ACTION ITEM: Give back the full listing as written. No pictures go with it.

DATA SHOWN:
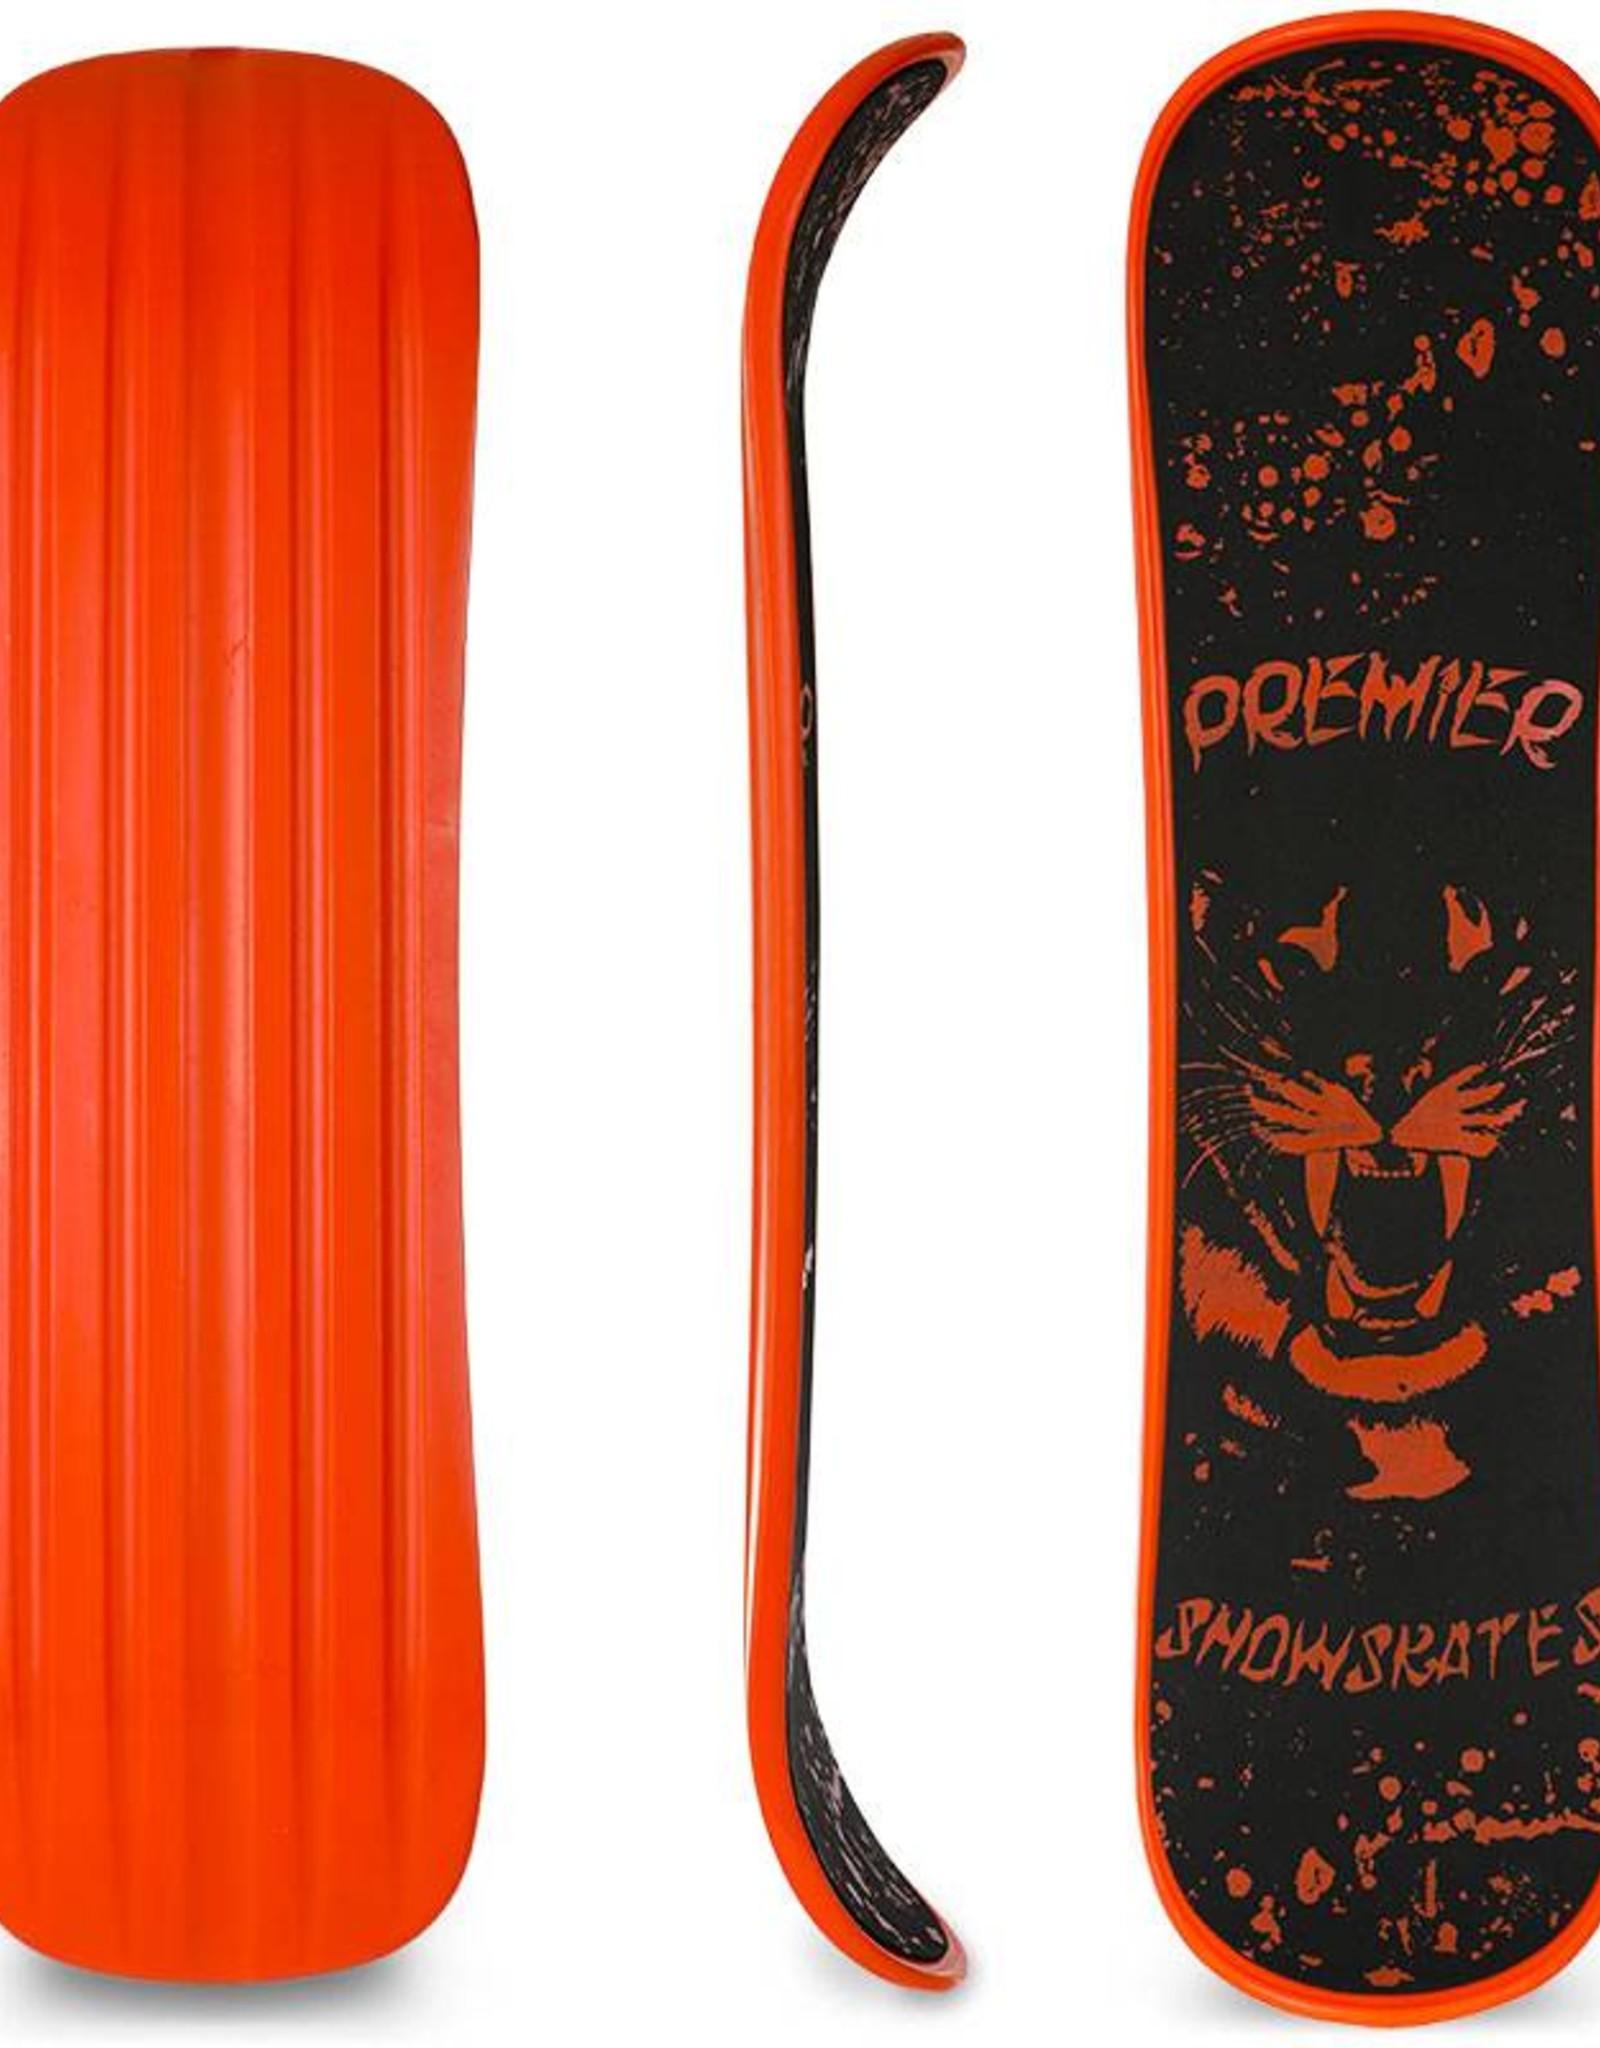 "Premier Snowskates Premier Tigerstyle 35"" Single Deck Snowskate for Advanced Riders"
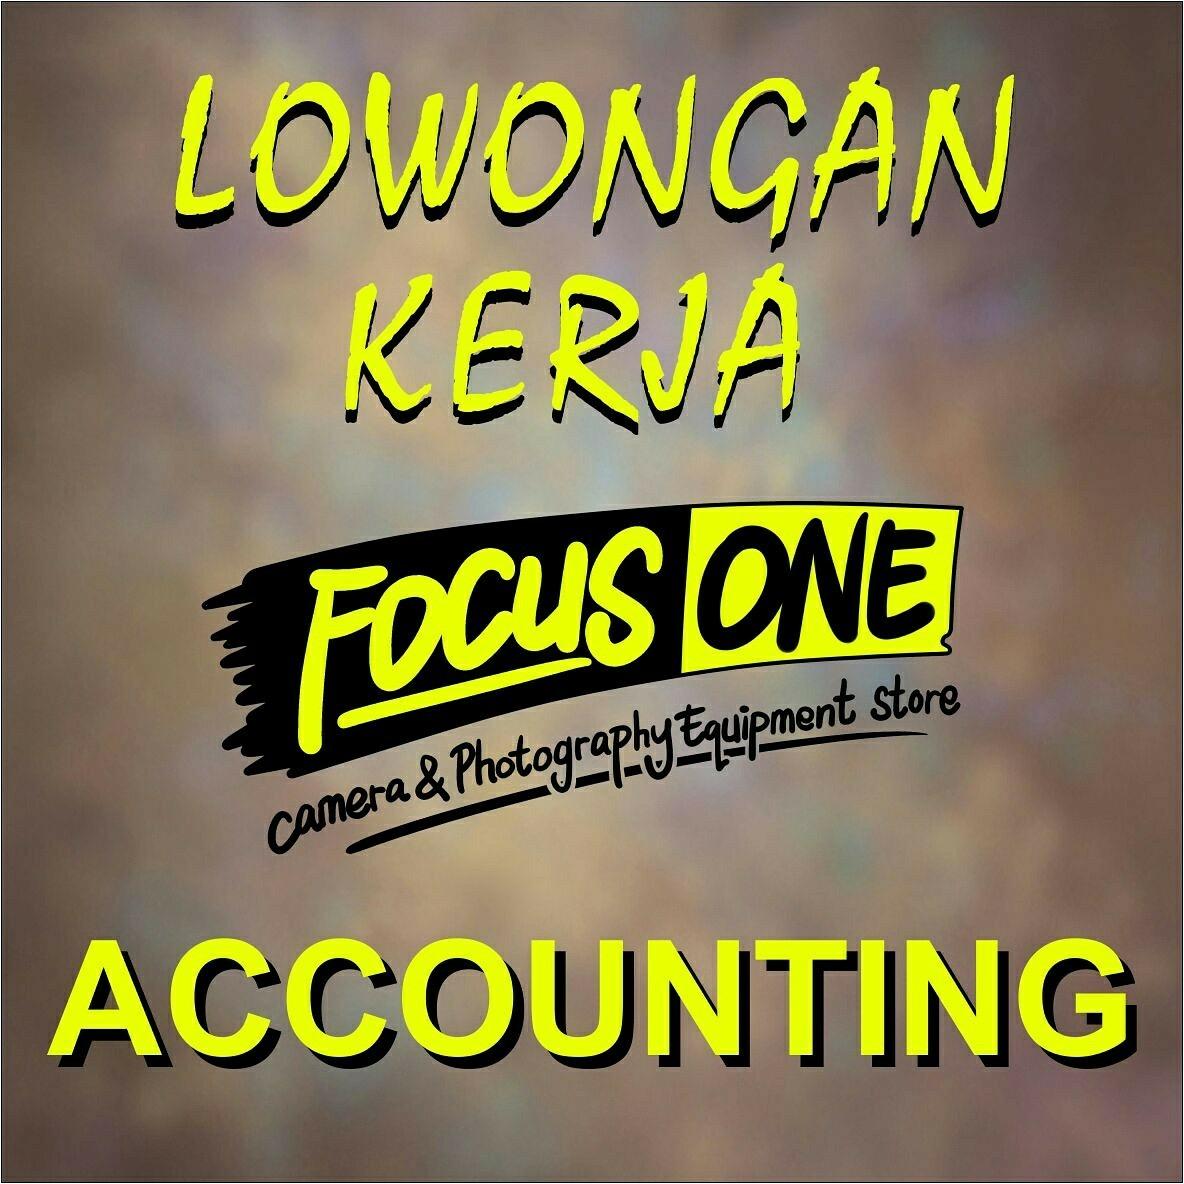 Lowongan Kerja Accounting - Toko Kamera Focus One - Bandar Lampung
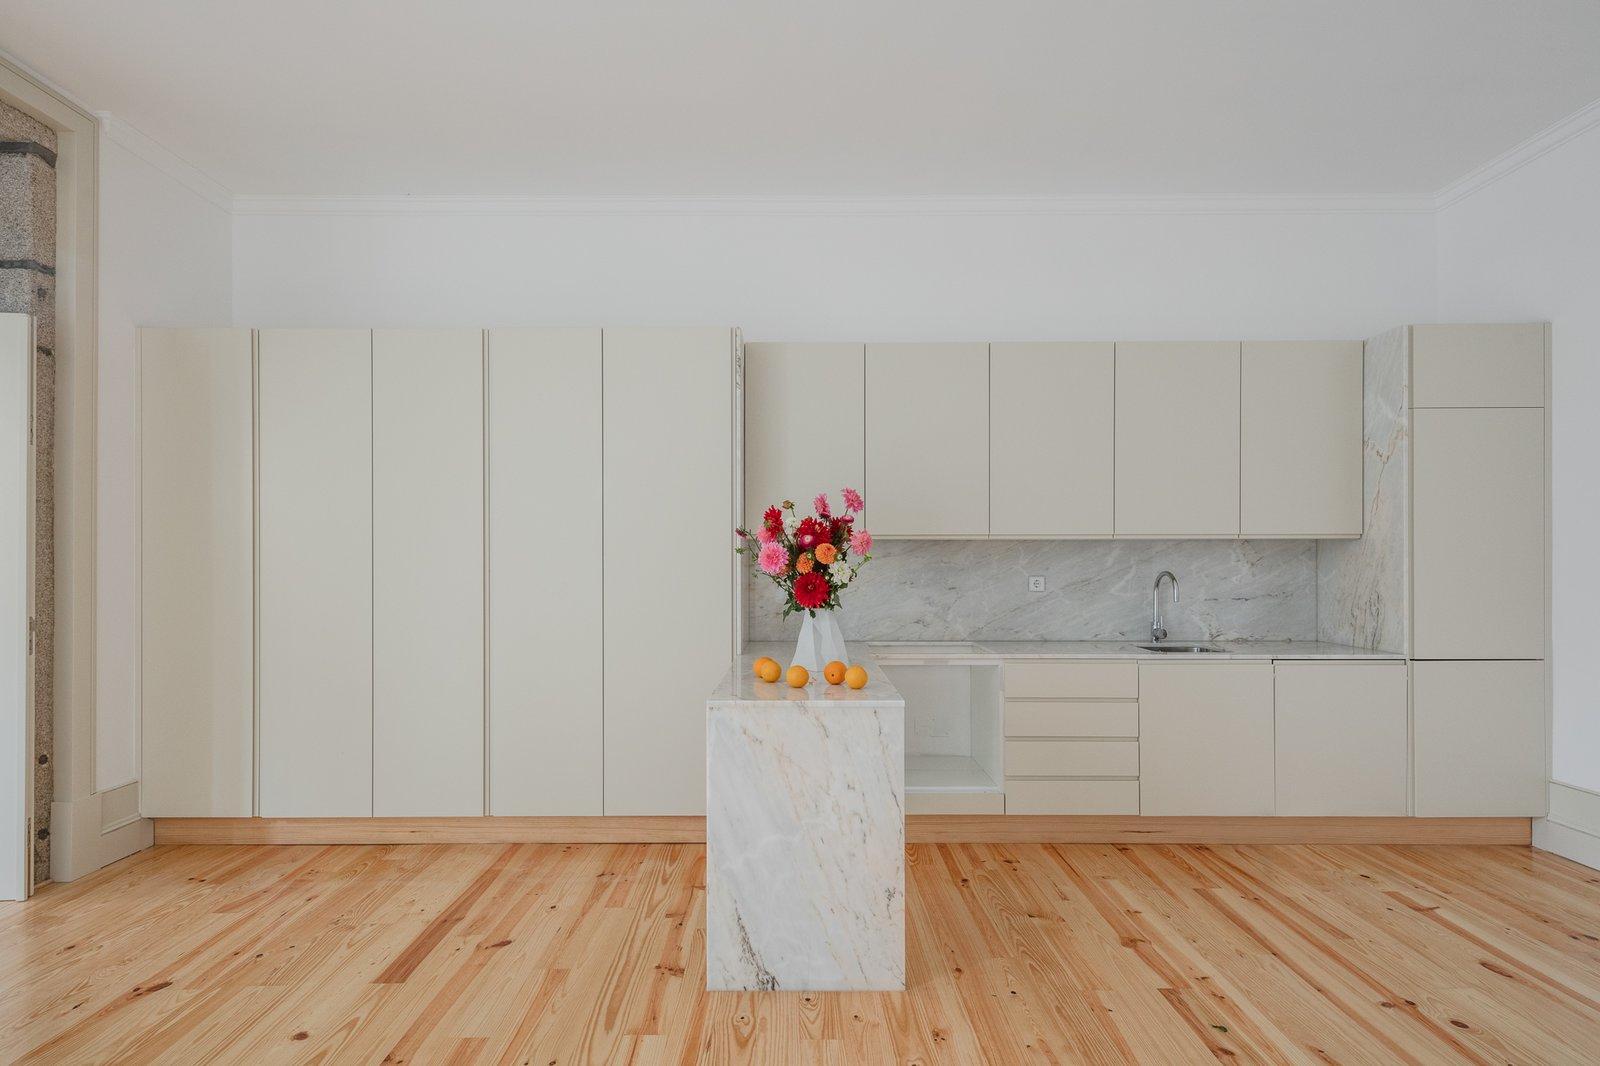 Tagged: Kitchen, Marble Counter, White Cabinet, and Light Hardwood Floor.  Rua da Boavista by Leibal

EXERCISE RESULT:
 "Premier Snowskates Premier Tigerstyle 35"" Single Deck Snowskate for Advanced Riders"
 Lowongan Kerja Accounting - Toko Kamera Focus One - Bandar Lampung
 Tagged: Kitchen, Marble Counter, White Cabinet, and Light Hardwood Floor.  Rua da Boavista by Leibal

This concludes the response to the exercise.